Successful exploitation of the vulnerability may allow an attacker to compromise vulnerable system.

Mitigation

Update the affected package to version: 1:68.3.0-2~deb9u1, 1:68.3.0-2~deb10u1.

Vulnerable software versions

thunderbird (Debian package): 1:52.4.0-1~deb9u1 - 1:68.2.2-1~deb10u1

External links

http://www.debian.org/security/2019/dsa-4585

Q & A

Can this vulnerability be exploited remotely?

Yes. This vulnerability can be exploited by a remote non-authenticated attacker via the Internet.

Is there known malware, which exploits this vulnerability?

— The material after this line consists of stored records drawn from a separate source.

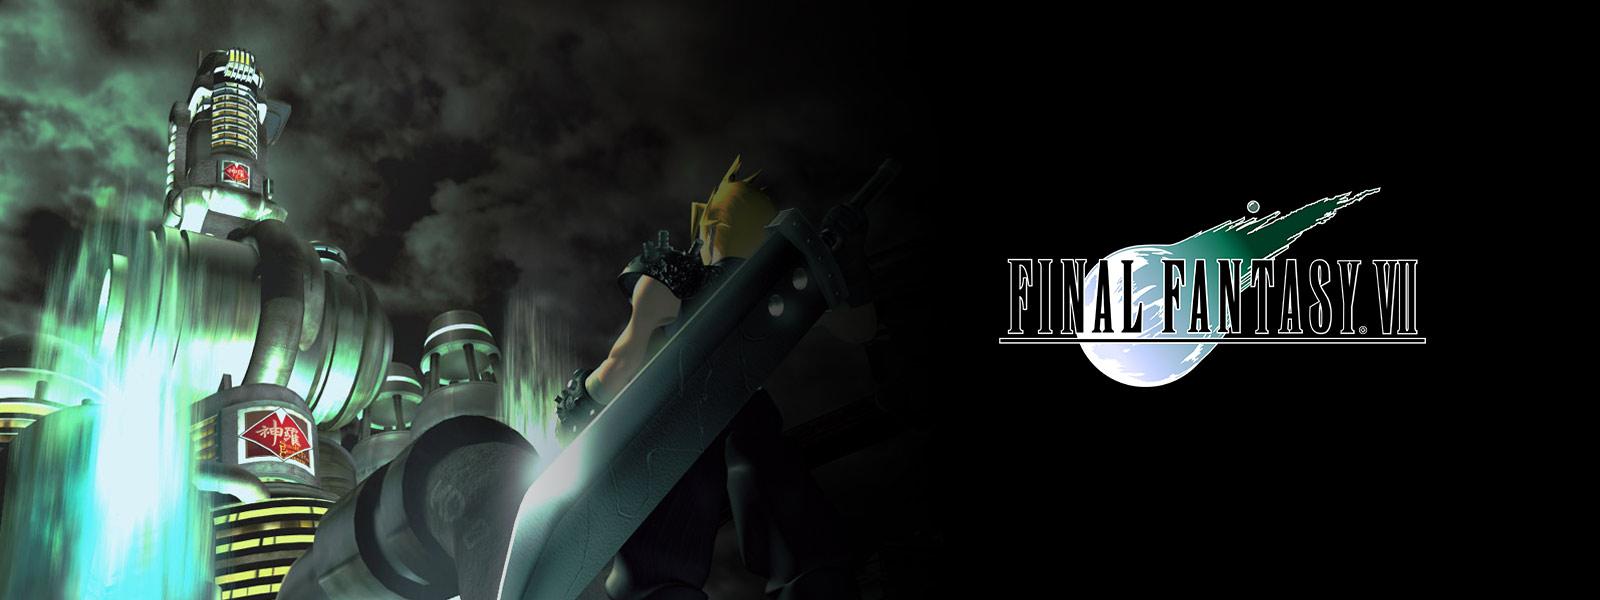 FINAL FANTASY VII-hovedpersonen Cloud Strife står med et gigantisk sverd på ryggen
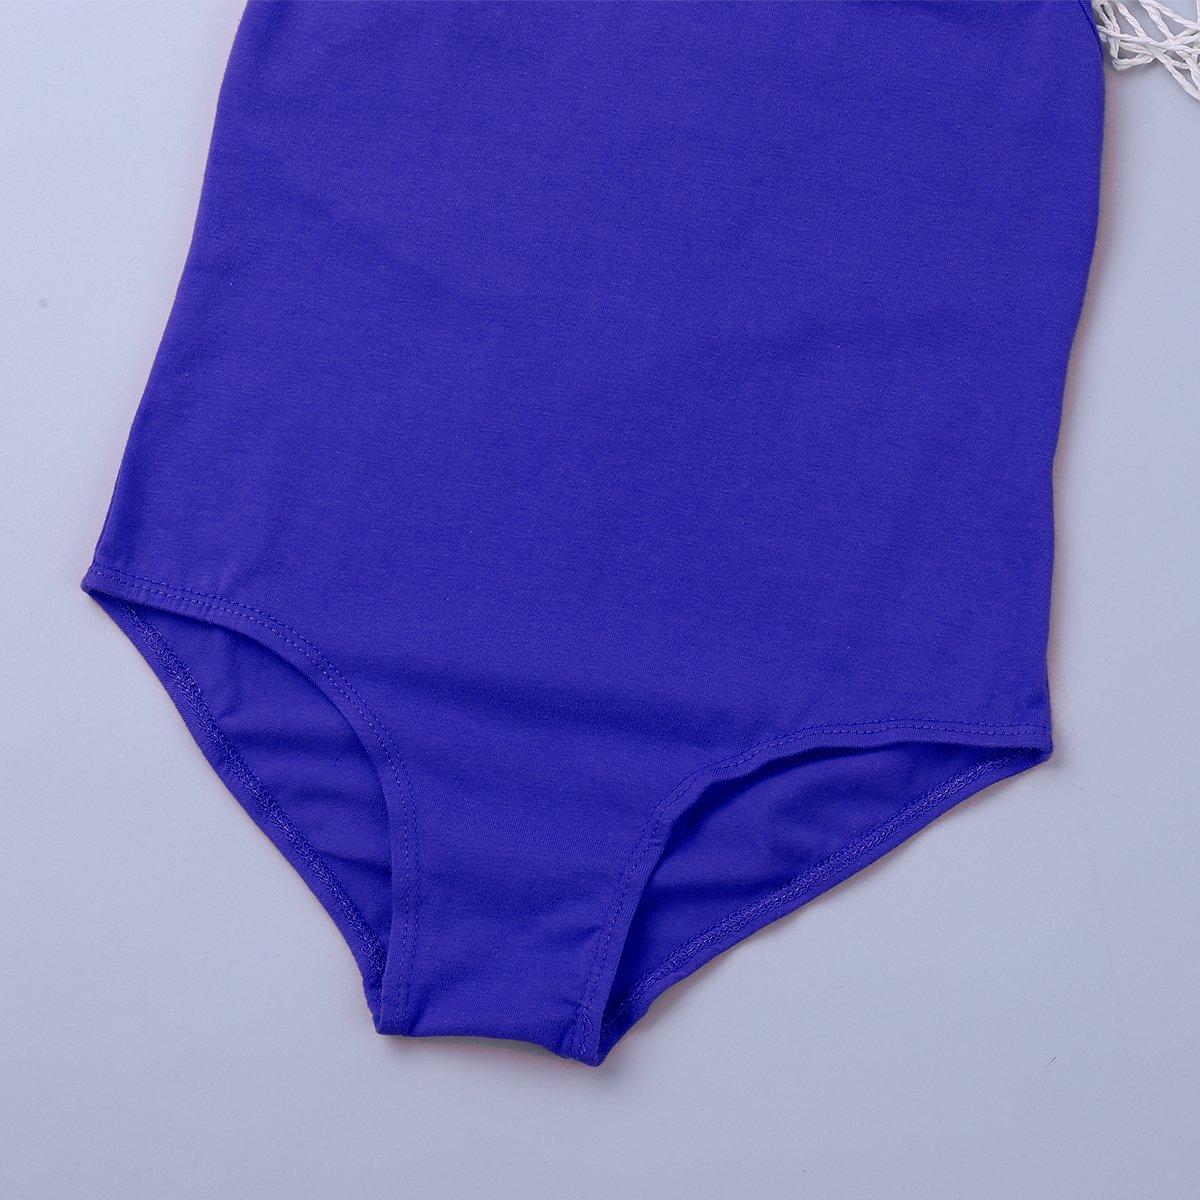 CHICTRY Big Girls Ballet Dancewear Leotard Gymnastics Sleeveless Turtleneck Bodysuit with Lace O-Back
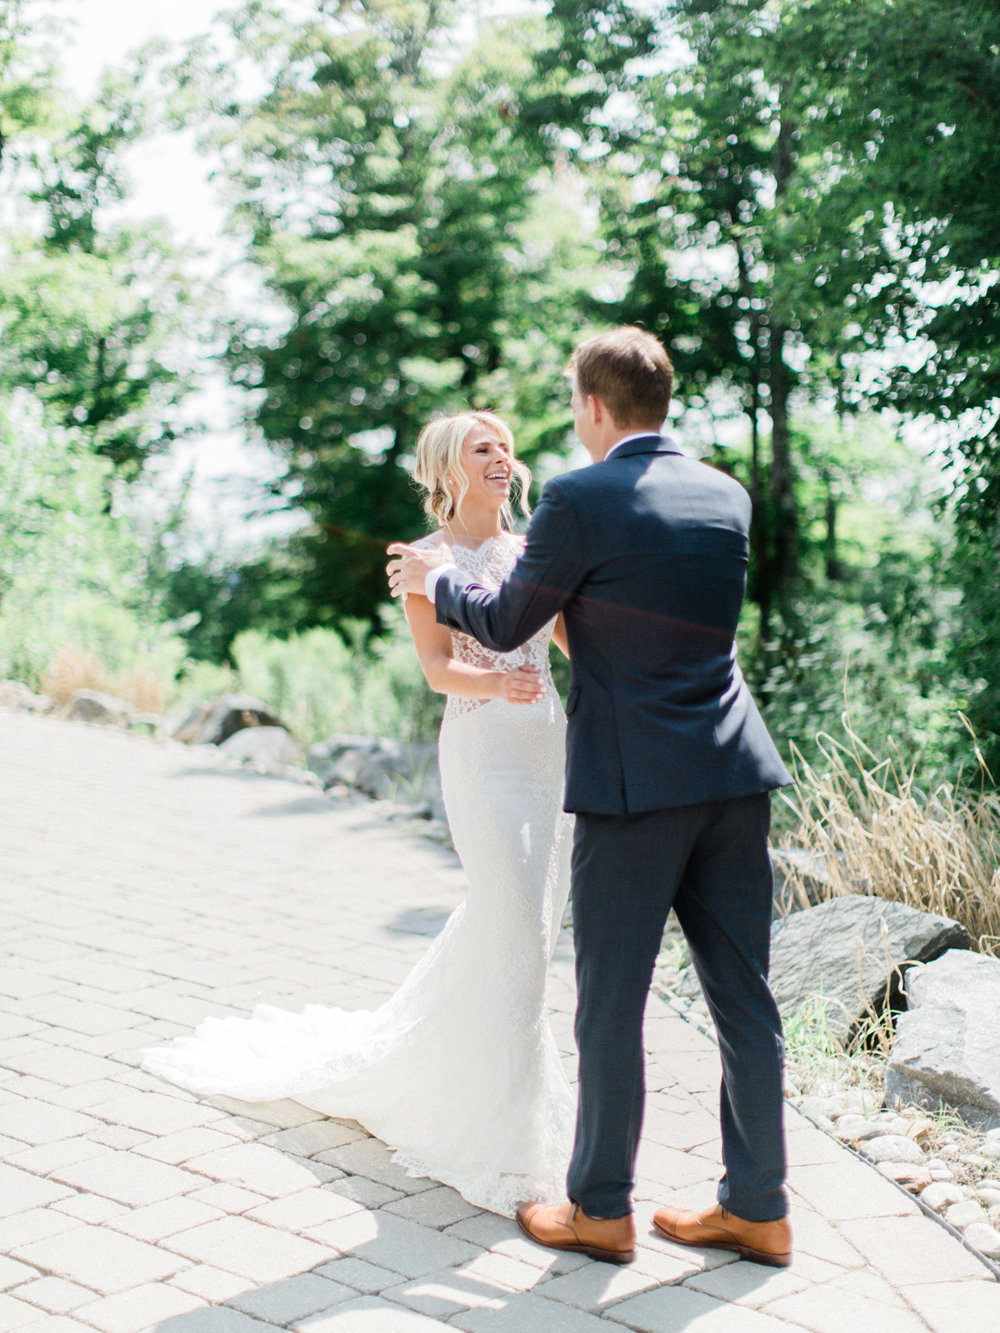 Toronto-Muskoka-wedding-photographer-summery-fun-documentary-the-marriott-rosseau31.jpg

No. We are not aware of malware exploiting this vulnerability.

4) Use-after-free

EUVDB-ID: #VU23370

Risk: High

CVSSv3.1: 7.7 [CVSS:3.1/AV:N/AC:L/PR:N/UI:R/S:U/C:H/I:H/A:H/E:U/RL:O/RC:C]

CVE-ID: CVE-2019-17008

CWE-ID: CWE-416 - Use After Free

Exploit availability: No

Description

The vulnerability allows a remote attacker to compromise vulnerable system.

The vulnerability exists due to a use-after-free error during worker destruction. A remote attacker can create a specially crafted web page, trick the victim into opening it, trigger a use-after-free error and crash the application or execute arbitrary code on the target system.

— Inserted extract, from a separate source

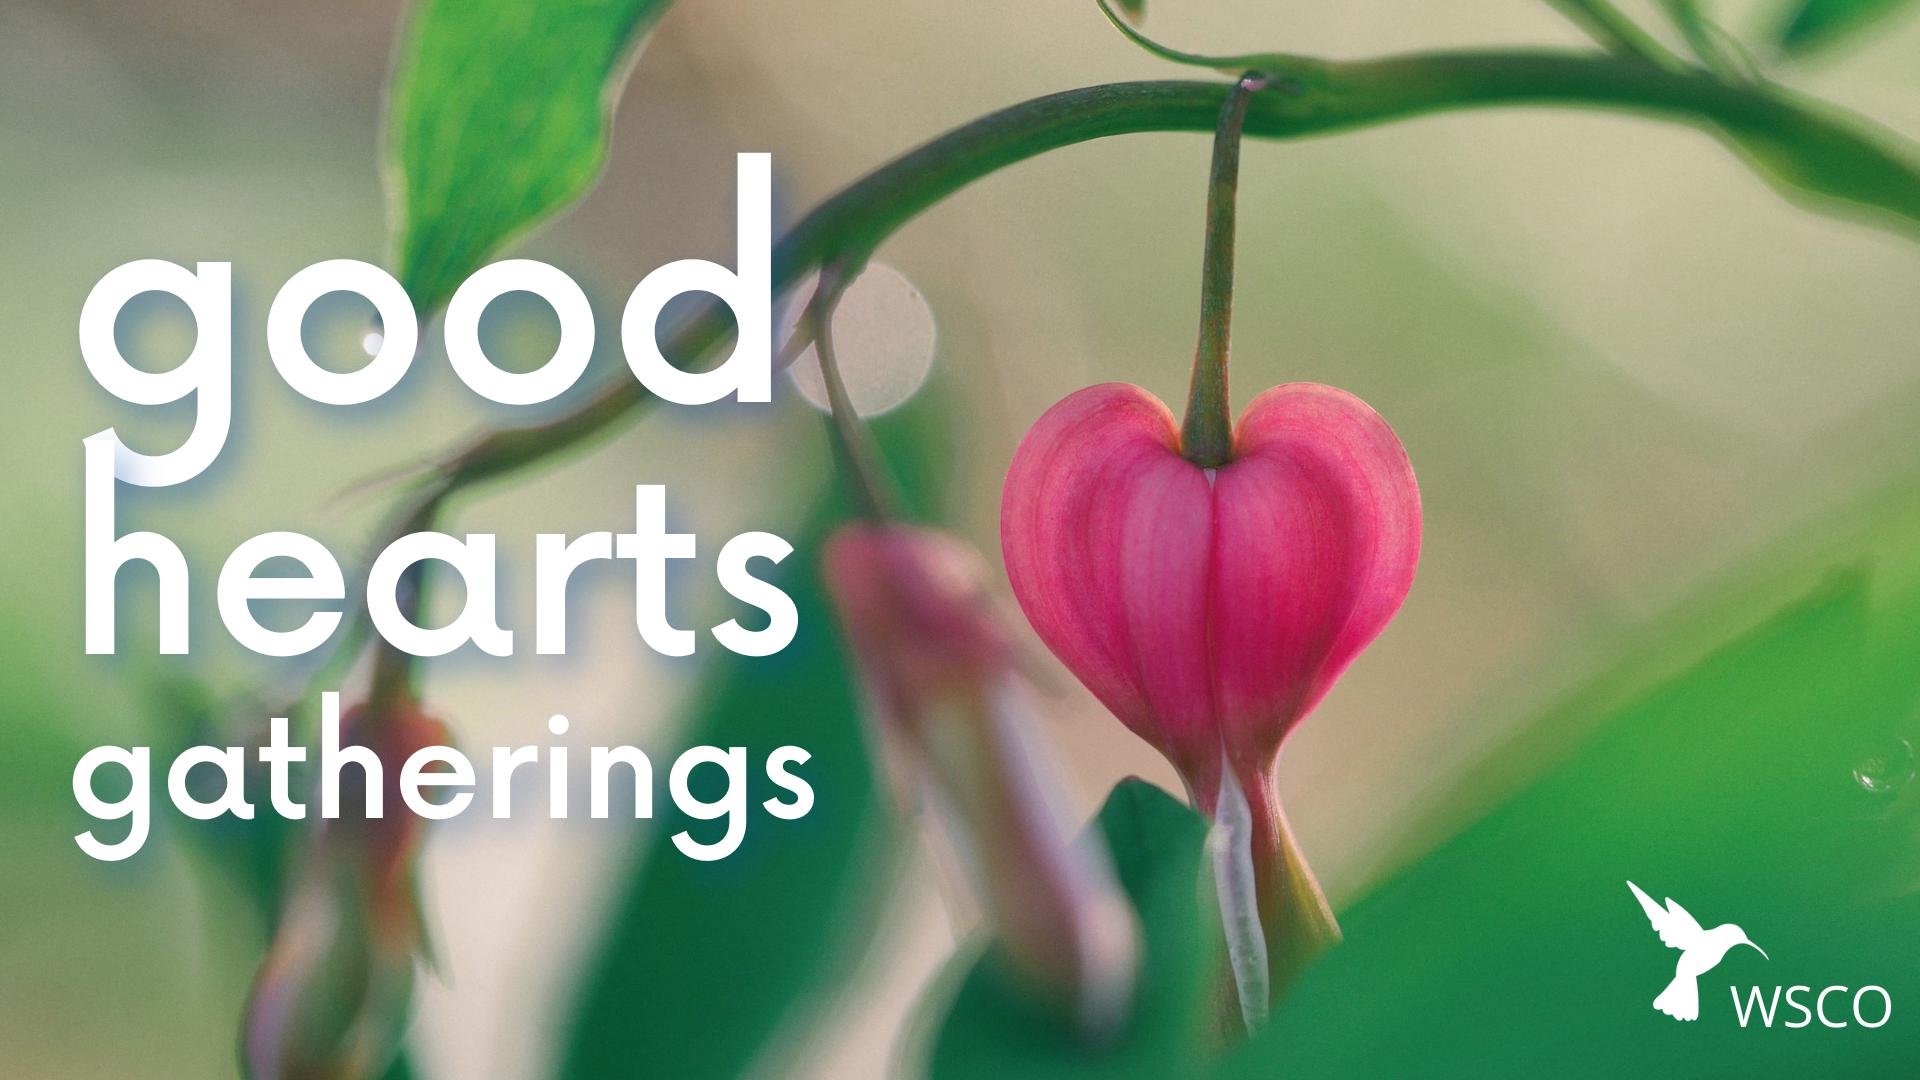 good hearts gatherings

Successful exploitation of the vulnerability may allow an attacker to compromise vulnerable system.

Mitigation

Update the affected package to version: 1:68.3.0-2~deb9u1, 1:68.3.0-2~deb10u1.

Vulnerable software versions

thunderbird (Debian package): 1:52.4.0-1~deb9u1 - 1:68.2.2-1~deb10u1

External links

http://www.debian.org/security/2019/dsa-4585

Q & A

Can this vulnerability be exploited remotely?

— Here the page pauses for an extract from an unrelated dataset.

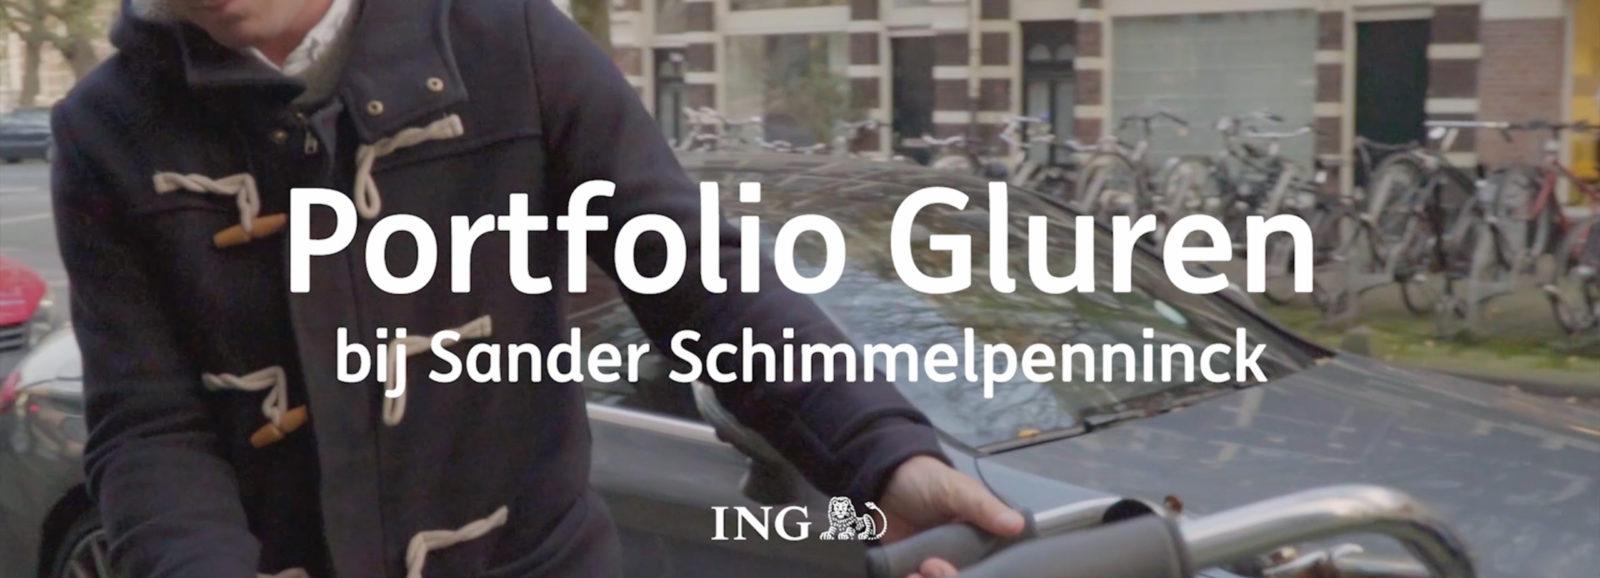 ING - Portfolio Gluren

Yes. This vulnerability can be exploited by a remote non-authenticated attacker via the Internet.

Is there known malware, which exploits this vulnerability?

No. We are not aware of malware exploiting this vulnerability.

5) Buffer overflow

EUVDB-ID: #VU23375

Risk: High

CVSSv3.1: 7.2 [CVSS:3.1/AV:N/AC:H/PR:N/UI:R/S:C/C:H/I:H/A:H/E:U/RL:O/RC:C]

CVE-ID: CVE-2019-17005

CWE-ID: CWE-119 - Memory corruption

Exploit availability: No

Description

The vulnerability allows a remote attacker to compromise vulnerable system.

The vulnerability exists due to a memory corruption in plain text serializer. A remote attacker can create a specially crafted web page, trick the victim into visiting it, trigger a buffer overflow and execute arbitrary code on the target system.

Successful exploitation of the vulnerability may allow an attacker to compromise vulnerable system.

Mitigation

Update the affected package to version: 1:68.3.0-2~deb9u1, 1:68.3.0-2~deb10u1.

Vulnerable software versions

thunderbird (Debian package): 1:52.4.0-1~deb9u1 - 1:68.2.2-1~deb10u1

External links

http://www.debian.org/security/2019/dsa-4585

Q & A

Can this vulnerability be exploited remotely?

Yes. This vulnerability can be exploited by a remote non-authenticated attacker via the Internet.

Is there known malware, which exploits this vulnerability?

No. We are not aware of malware exploiting this vulnerability.